**What the task asks:**
The required output is a verbatim transcription of the listing, pictures excluded.

**Material provided:**
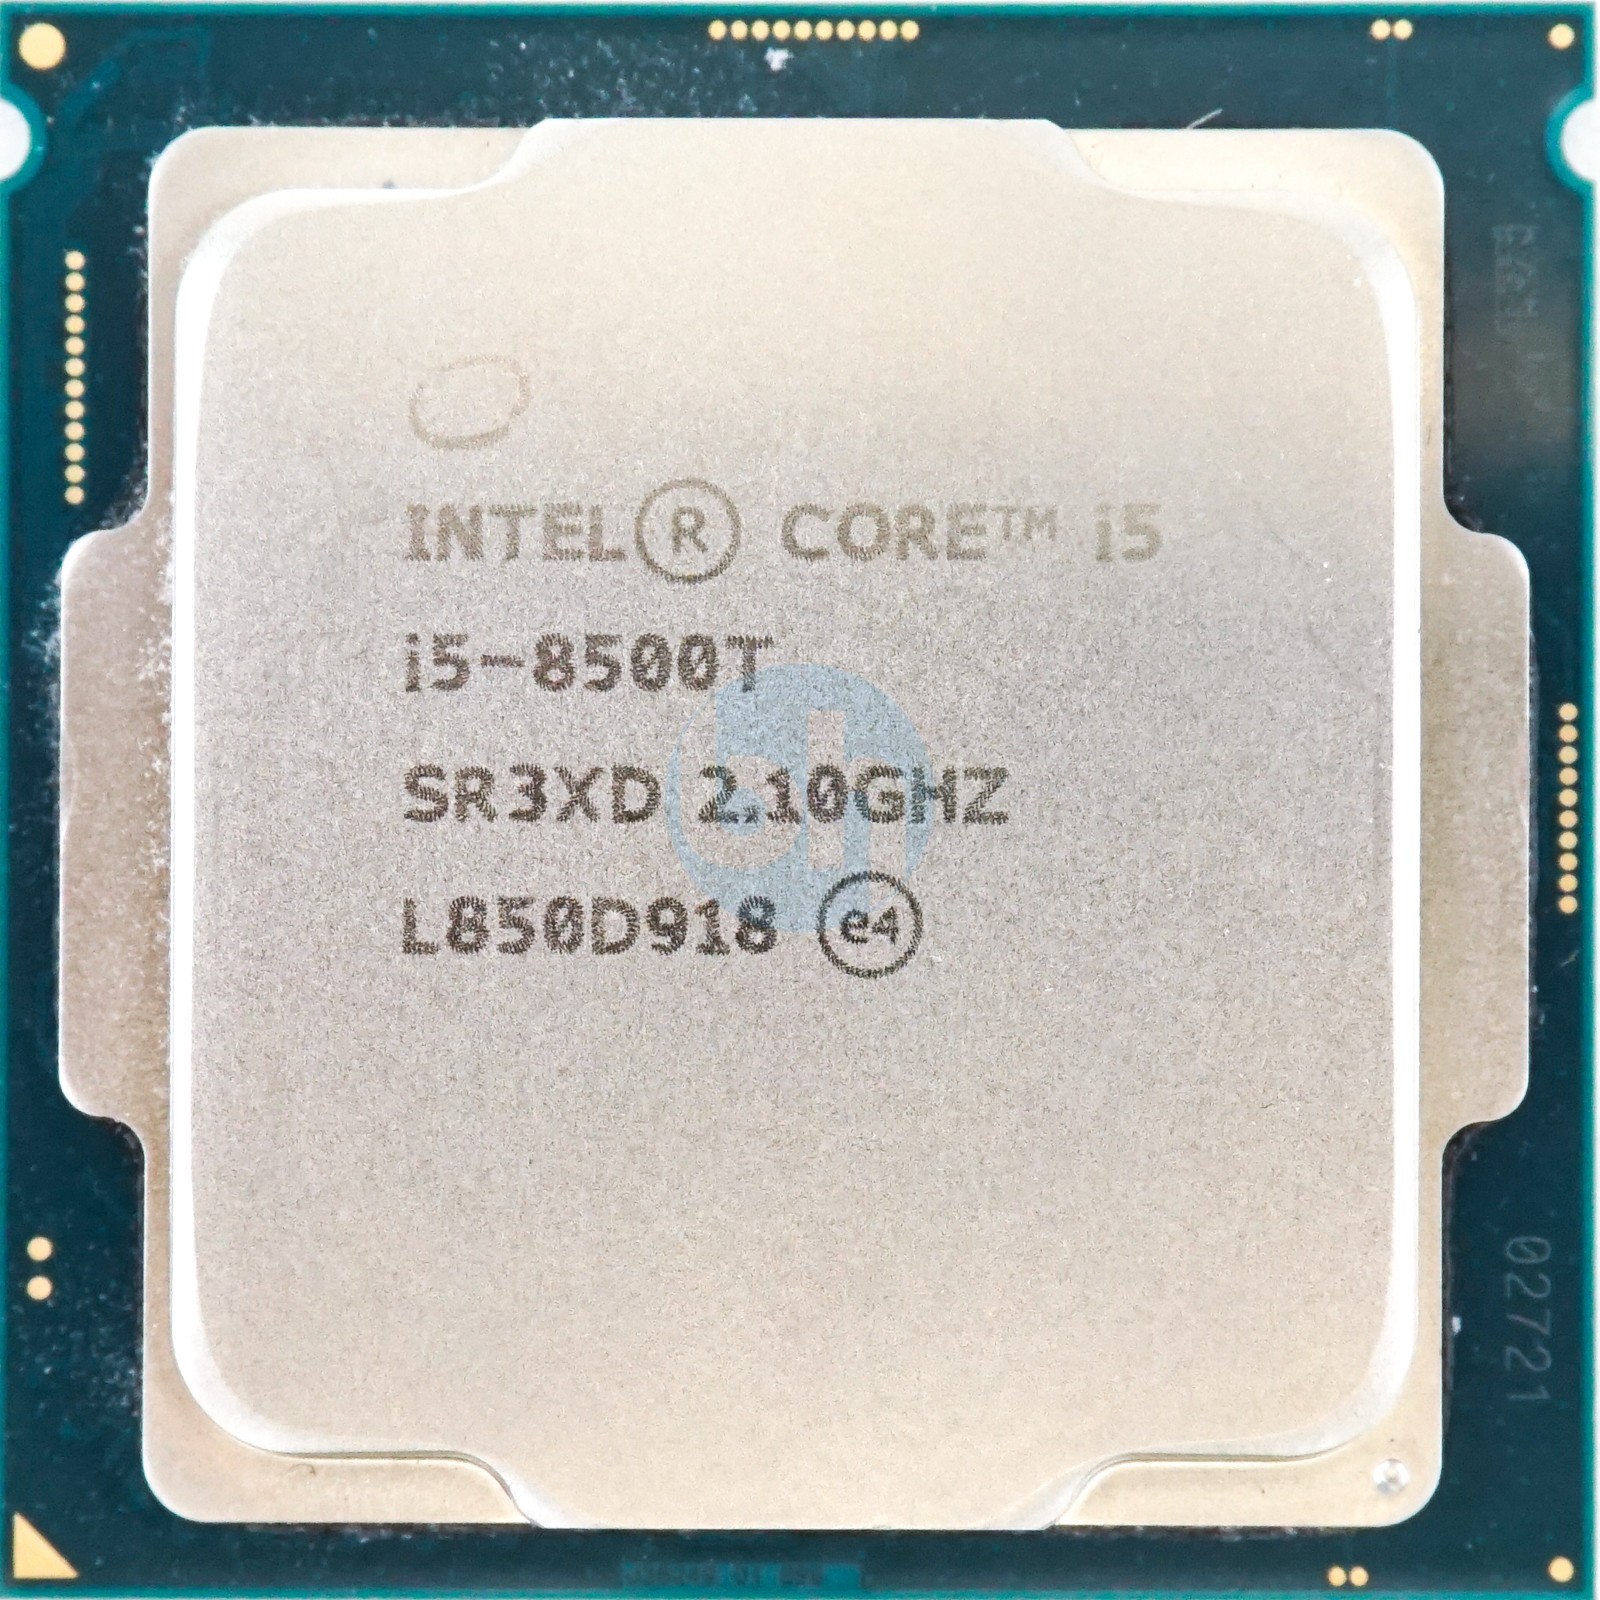 Intel Core i5-8500T (SR3XD) - 6-Core 2.10GHz LGA1151 9MB 25W CPU
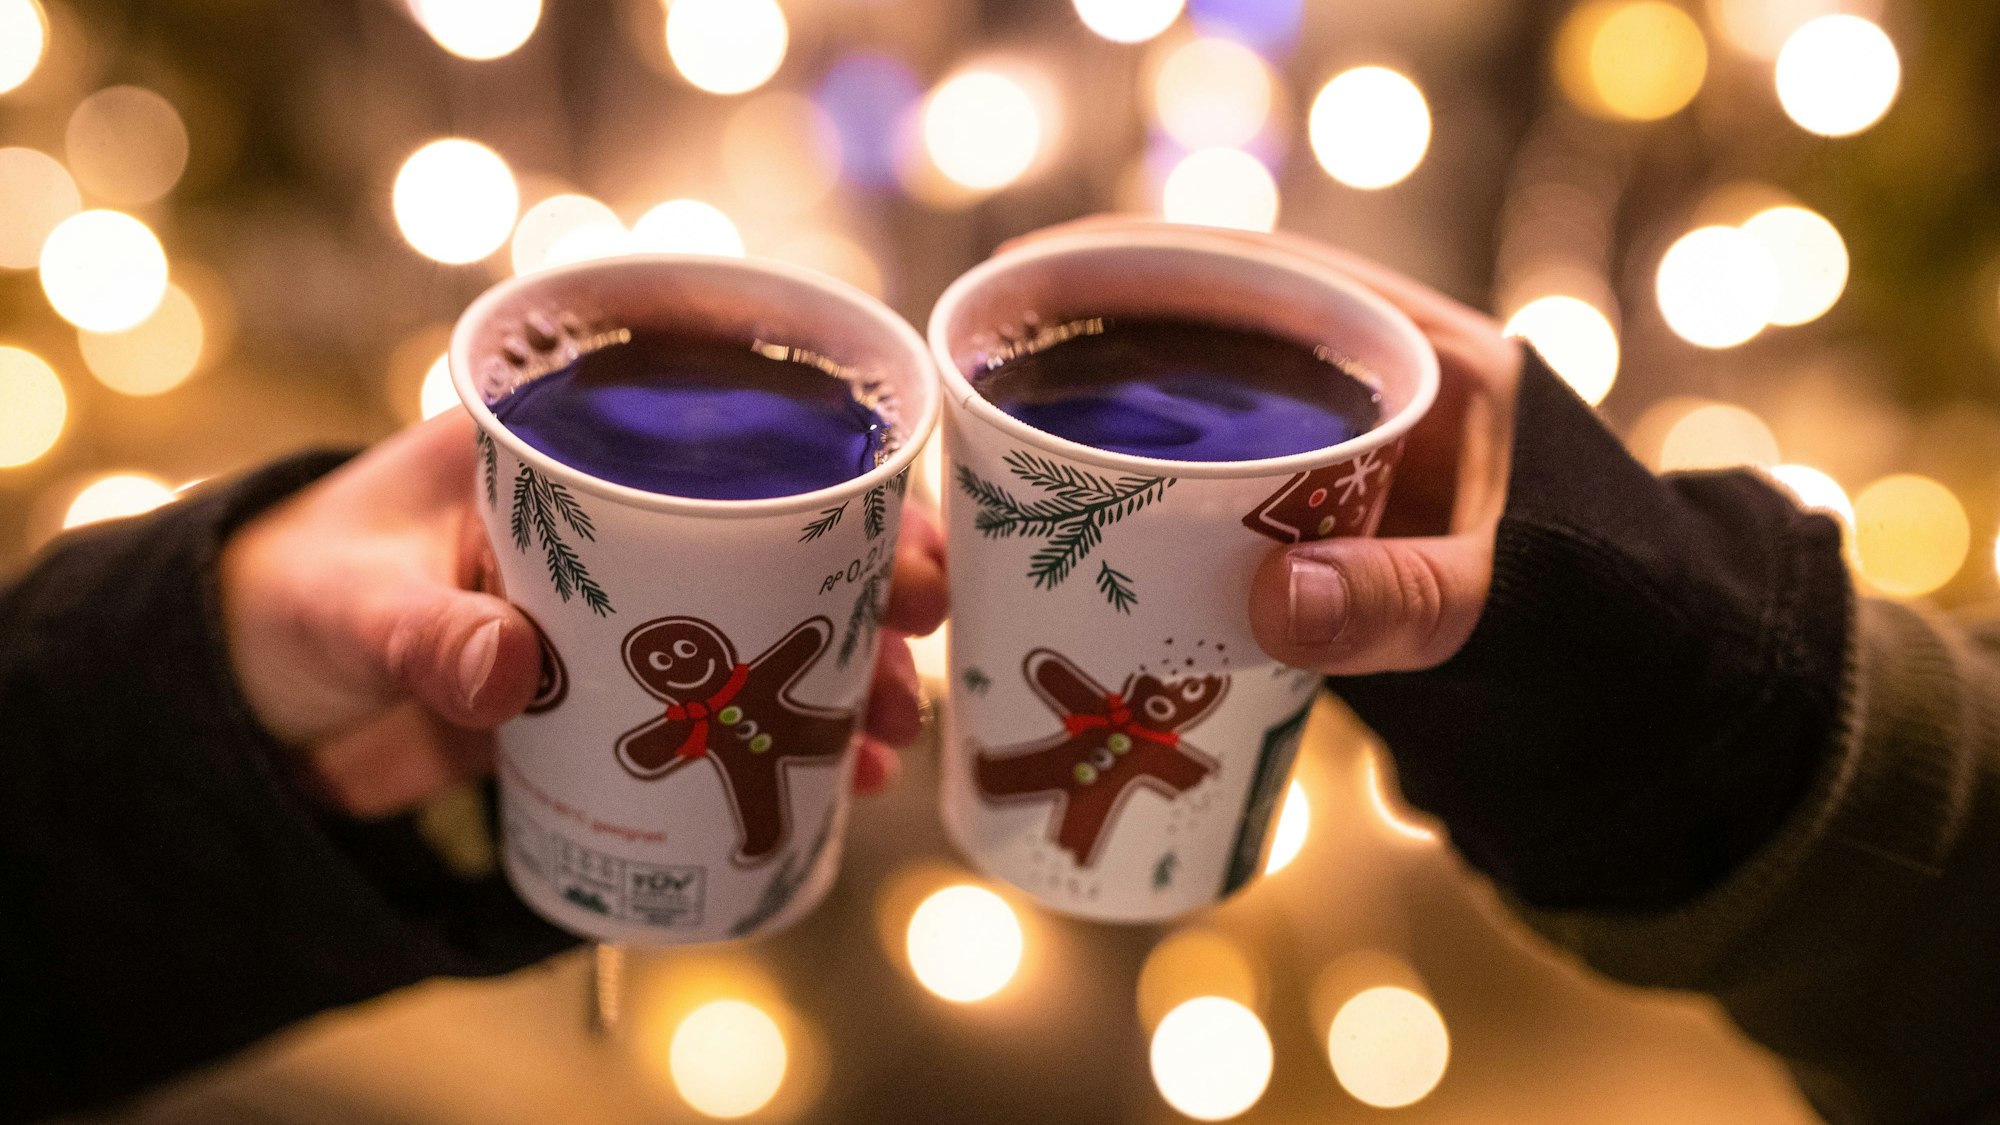 Zwei Menschen stoßen mit Glühwein in Bechern auf dem Weihnachtsmarkt an.
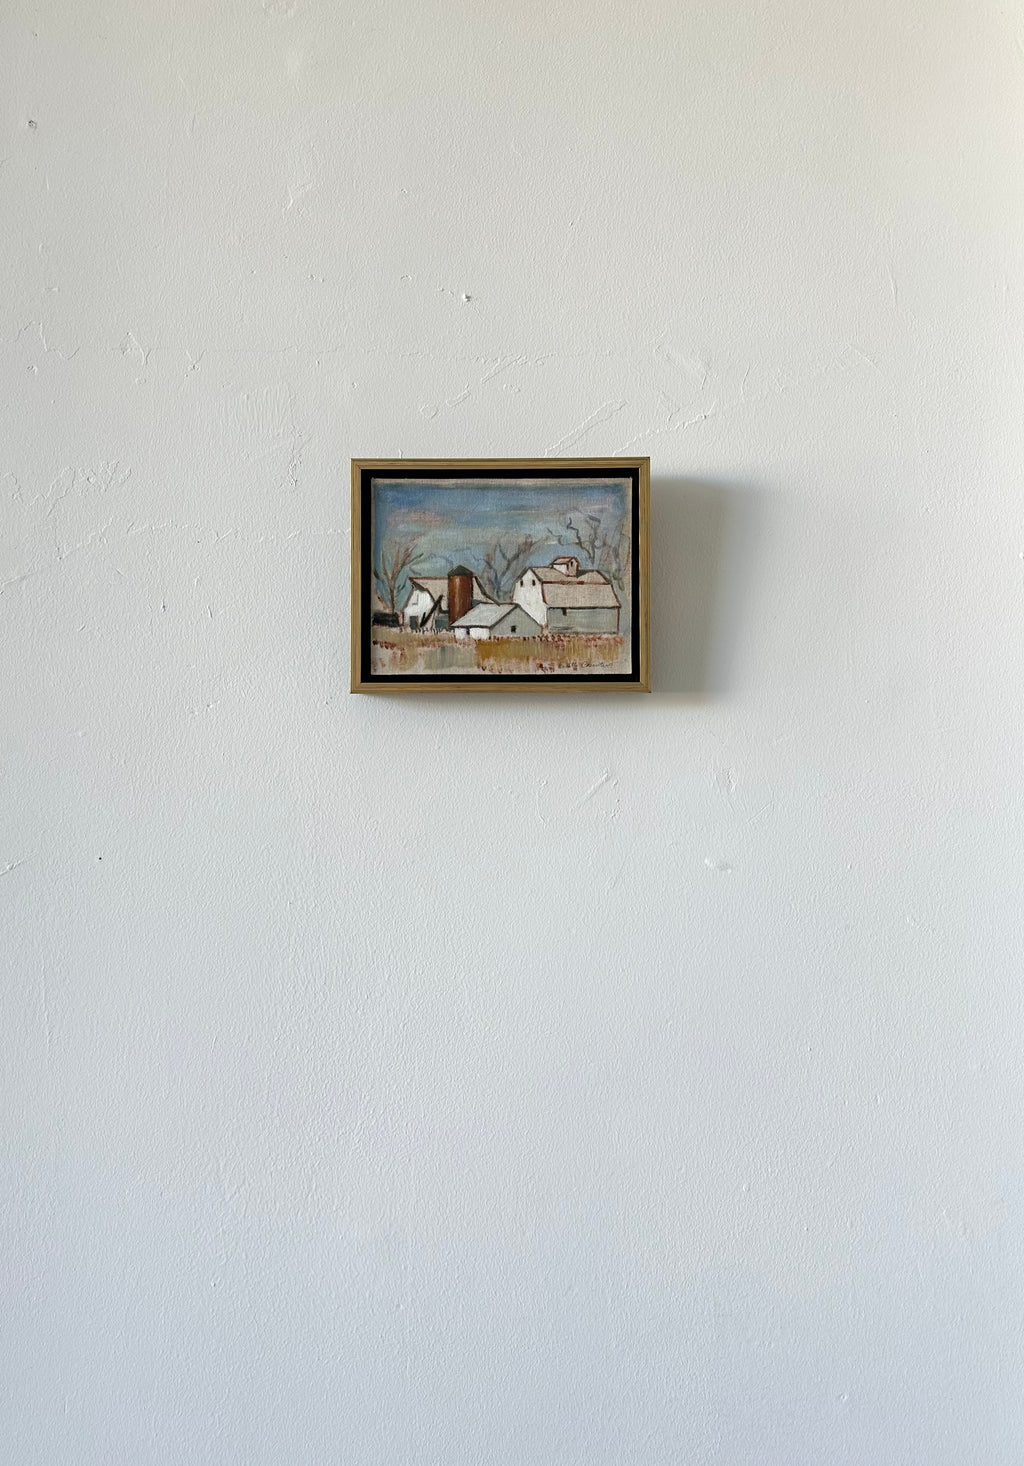 "Farmstead" 7" x 10" framed oil on linen landscape of barns

**Answer section:**
 Intel Core i5-8500T (SR3XD) - 6-Core 2.10GHz LGA1151 9MB 25W CPU
 Zwei Menschen stoßen mit Glühwein in Bechern auf dem Weihnachtsmarkt an.
 "Farmstead" 7" x 10" framed oil on linen landscape of barns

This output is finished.